The established condition is treated by laser iridotomy and, when successful, there is immediate deepening of the peripheral anterior chamber. Laser iridotomies, however, are small and may become occluded with fibrin or vitreous gel. A surgical iridectomy can therefore be required or, sometimes, a vitrectomy is necessary performed to re-establish aqueous flow. Eyes containing silicone oil should have a surgical iridectomy performed inferiorly as the oil floats up to occlude a superior iridotomy. Pseudophakic pupil block can occur in eyes with an anterior chamber lens without iridectomy or if an iridotomy is nonfunctioning from blockage by vitreous or capsular remnants. A rigid anterior chamber lens may maintain axial anterior chamber depth with iris ballooning around the edges of the lens making the periphery of the anterior chamber more shallow and occluding the angle.

Fig. 8.3 In this patient there is pupil block from posterior synechiae to the vitreous face in an aphakic eye. The slit-lamp image shows peripheral shallowing of the anterior chamber. The extent to which the gel prolapses into the anterior chamber determines the central depth.

Fig. 8.4 Anterior chamber intraocular lens implantation without peripheral iridectomy is likely to cause pupil block. In this case the iris can be seen bulging forwards around the implant. Although the angle can often be reopened by a laser iridotomy this readily reoccludes with vitreous and so does not reliably prevent recurrence. Surgical iridectomy is definitive but difficult to achieve through a corneal phacoemulsification wound unless it is placed temporally. Temporal iridectomies may cause glare or monocular diplopia, however, and so surgical entry by a separate superior corneal incision is preferable.

Fig. 8.5 Silicone oil floats on aqueous humour. Eyes with posterior segment silicone oil retinal tamponade require an inferior iridectomy to prevent pupil block.

Forward movement of the anterior lens surface

Intumescence of the lens, anterior dislocation or age-related growth changes in the lens can all produce pupil block and angle closure by forward movement of the anterior lens surface. These eyes require lens removal or iridotomy. Angle closure may still occur after iridotomy as a result of progressive increase in antero-posterior depth of the lens.

Fig. 8.6 Acute angle closure due to an intumescent cataractous lens. The eye is red with a hazy view of the anterior segment from corneal oedema, with a fixed irregular semidilated pupil from iris infarction. The slit image shows the corneal oedema and a very shallow anterior chamber. Some uveitis may be present because of ischaemia, and this must be differentiated from the larger accumulations of lens material and macrophages seen with phacolytic glaucoma (see Fig. 8.49).

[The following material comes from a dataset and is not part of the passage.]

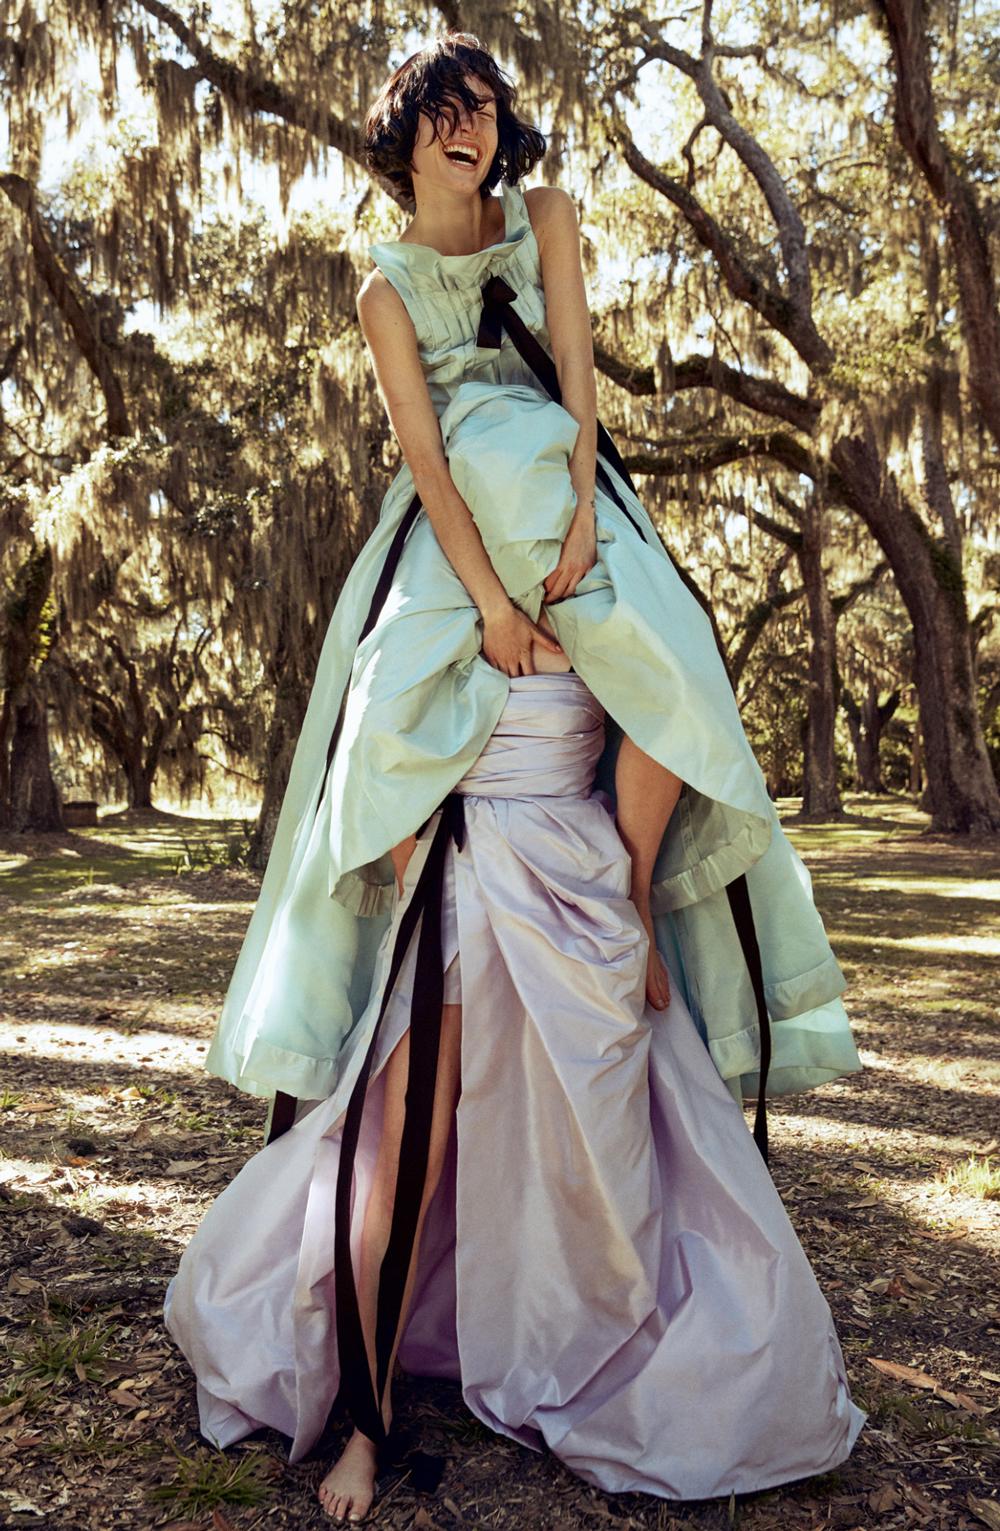 Oscar de la Renta dresses in Porter magazine Spring 2016 (photography: Cass Bird, styling: Alex White)

Fig. 8.7 Slit-image photography of the left and right eye of this patient demonstrates a subluxed lens in the left eye. The anterior chamber is shallow and further examination shows that the anterior lens surface is closer to the posterior corneal surface inferiorly than superiorly occluding the pupil and producing pupillary block.

Fig. 8.8 Occasionally pupillary dilatation allows a subluxed lens to swing into the pupillary plane and block communication between the posterior and anterior chamber. Careful positioning of the patient and the use of miotics usually allow the lens to be repositioned safely until definitive treatment can be arranged which in this case is removal of the lens.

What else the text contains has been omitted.